*TASK BRIEF:*
Only one span of the material below is wanted. Output it exactly, from the line with "1992 American Silver" through the line with "Technologie de lubrification", without any pictures.

*DATASET RECORDS:*
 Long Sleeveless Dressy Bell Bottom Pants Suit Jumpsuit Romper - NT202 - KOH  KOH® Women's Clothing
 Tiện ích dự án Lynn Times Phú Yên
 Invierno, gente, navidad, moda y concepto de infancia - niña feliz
...
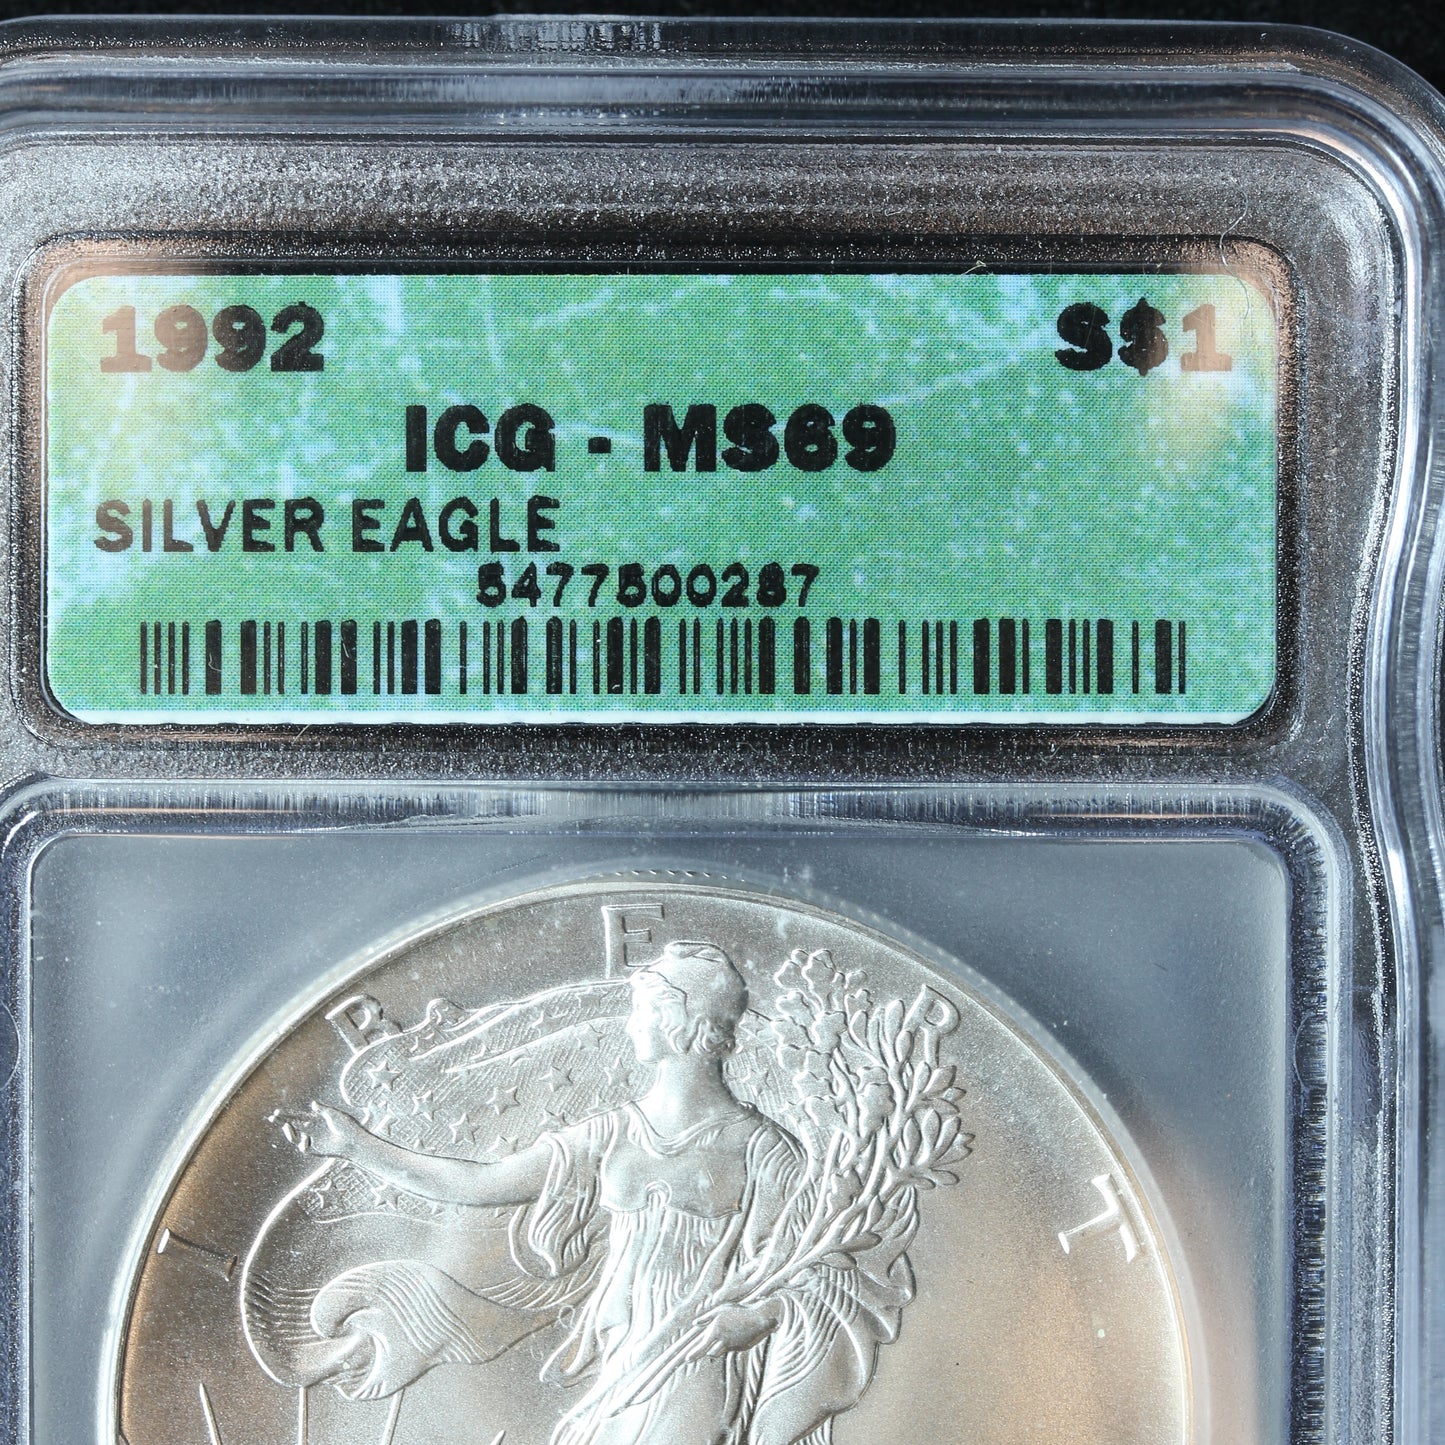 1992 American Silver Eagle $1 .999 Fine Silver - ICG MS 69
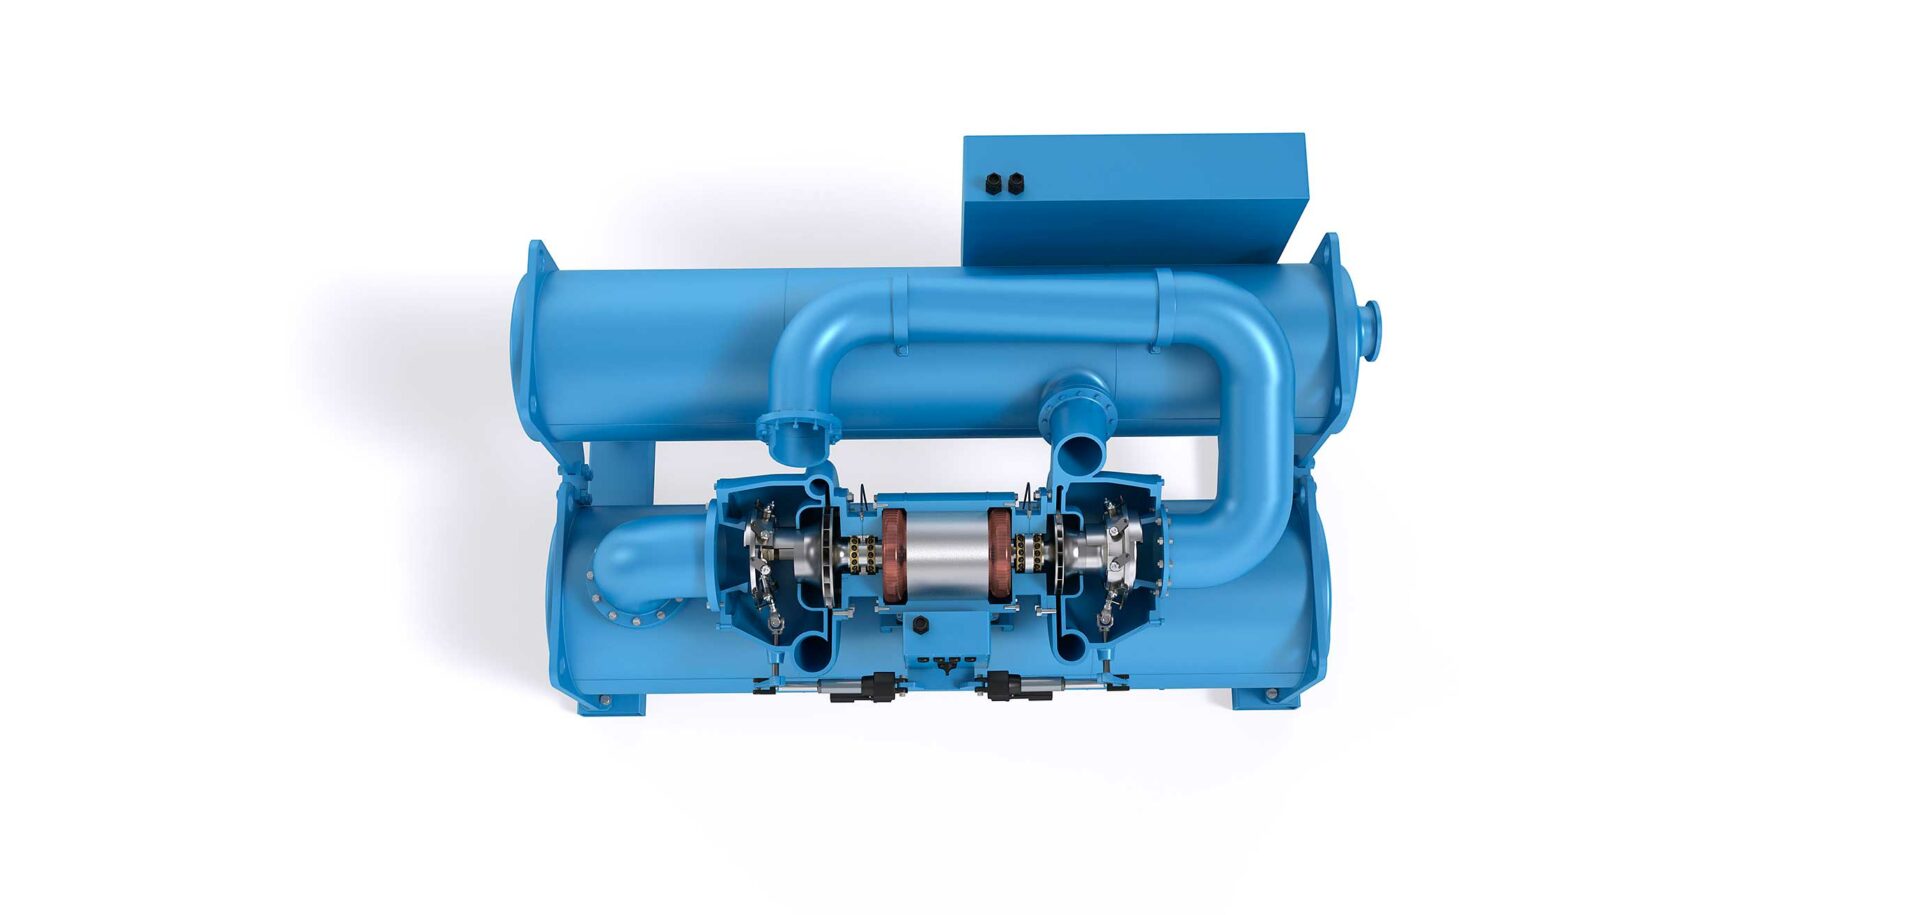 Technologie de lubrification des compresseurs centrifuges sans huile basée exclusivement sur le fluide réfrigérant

*TASK SOLUTION:*
 1992 American Silver Eagle $1 .999 Fine Silver - ICG MS 69
 Technologie de lubrification des compresseurs centrifuges sans huile basée exclusivement sur le fluide réfrigérant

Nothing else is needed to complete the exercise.